§ **EXERCISE PROMPT**
Every line below must be reproduced exactly; no pictures are to be included.

§ **GIVEN INFORMATION**
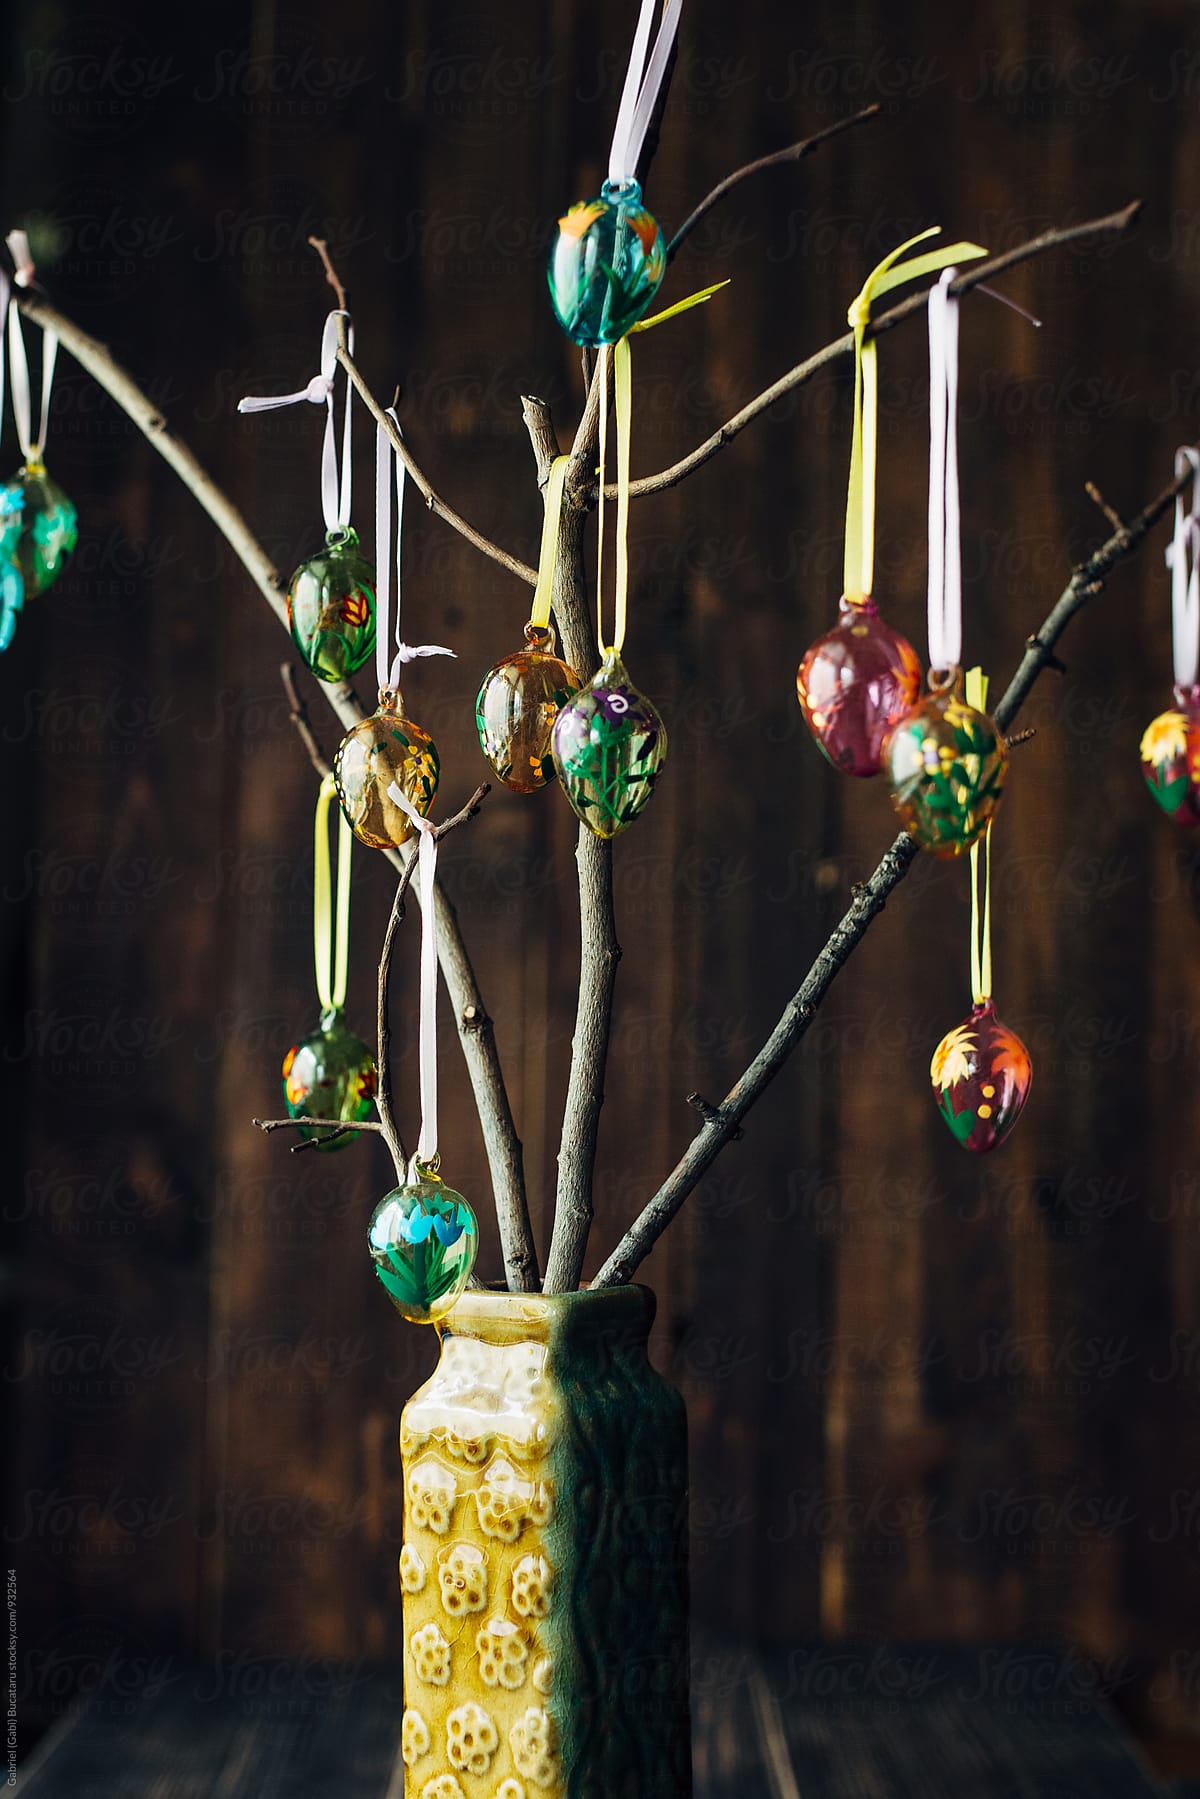 Ornamental Easter eggs on branches
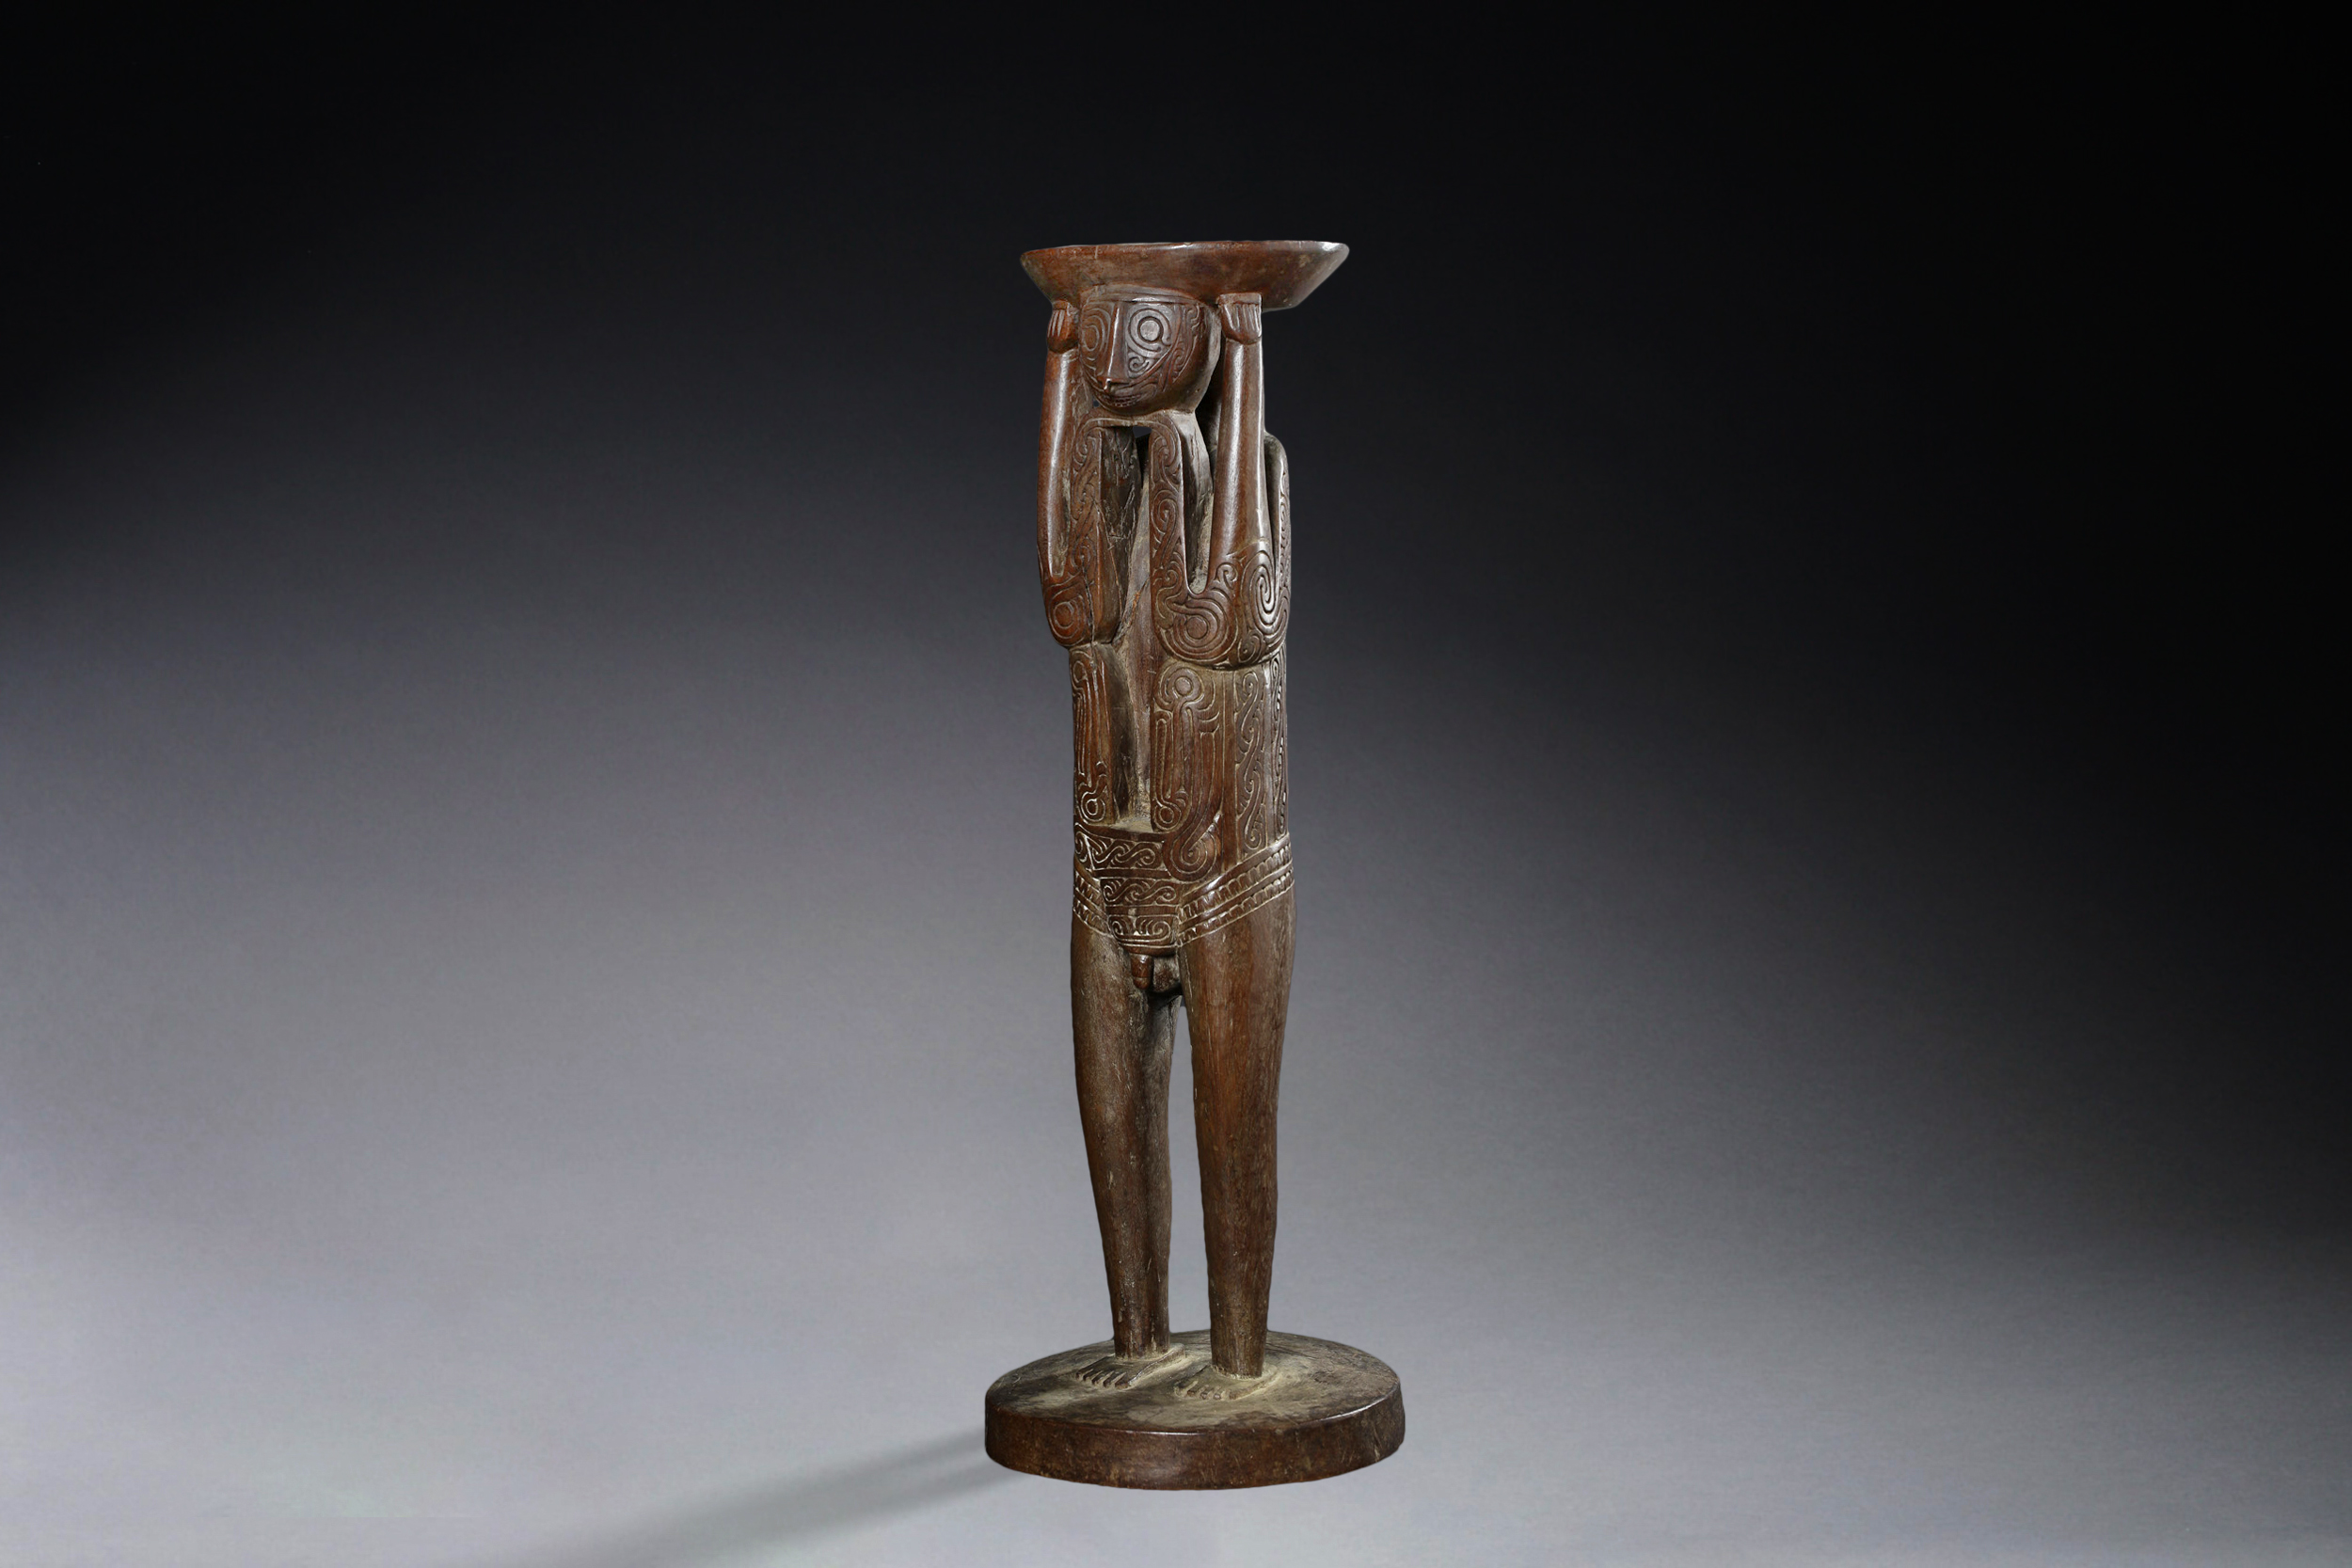 An Early Massim Figure from Milne Bay Province New Guinea
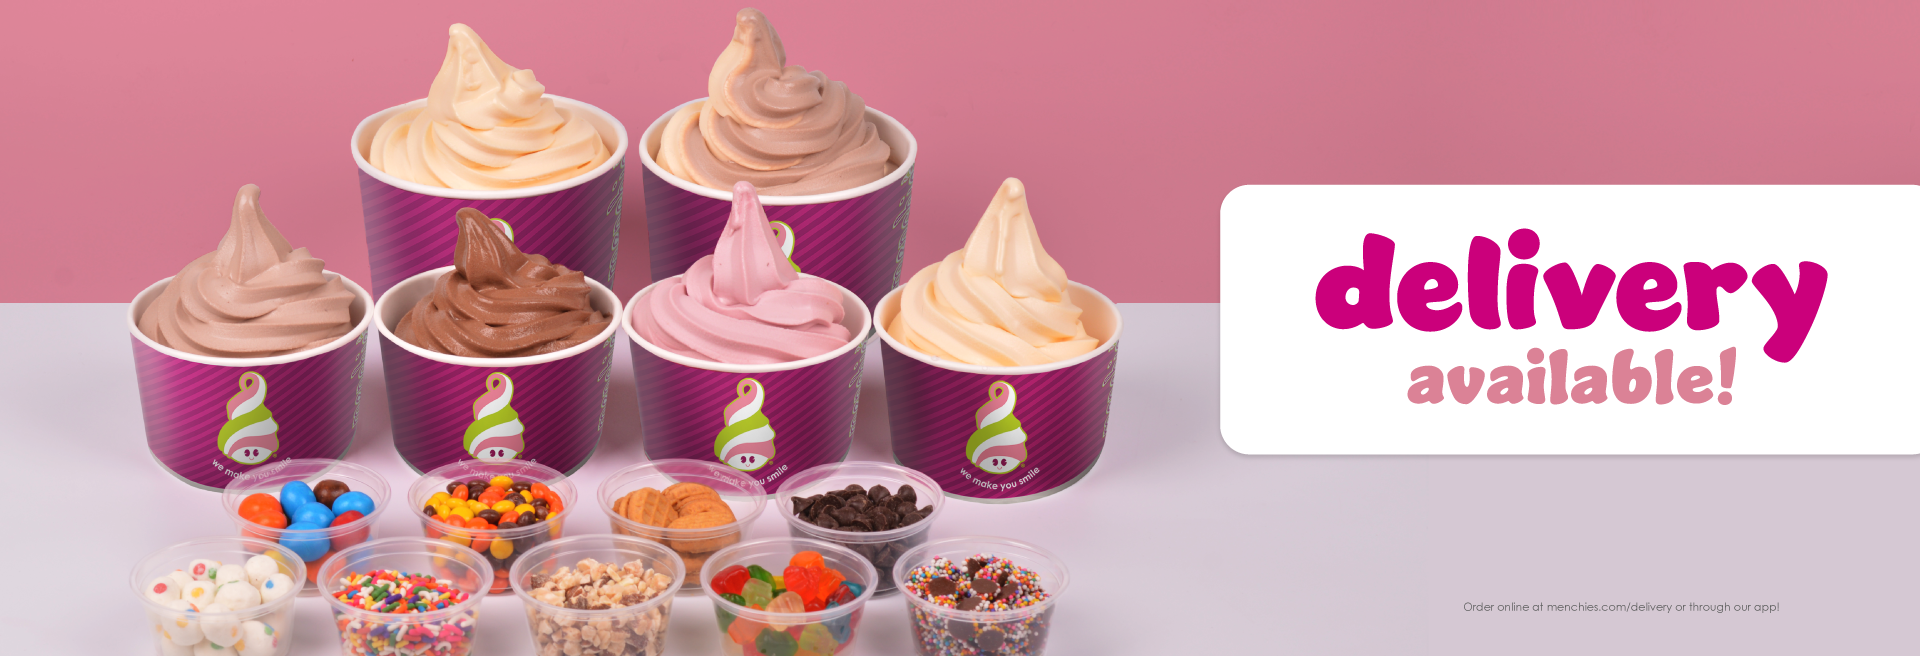 Satisfy your ice cream cravings with a Menchie’s delivery!

§ **SOLUTION TO THIS TASK**
 Ornamental Easter eggs on branches
 An Early Massim Figure from Milne Bay Province New Guinea
 Satisfy your ice cream cravings with a Menchie’s delivery!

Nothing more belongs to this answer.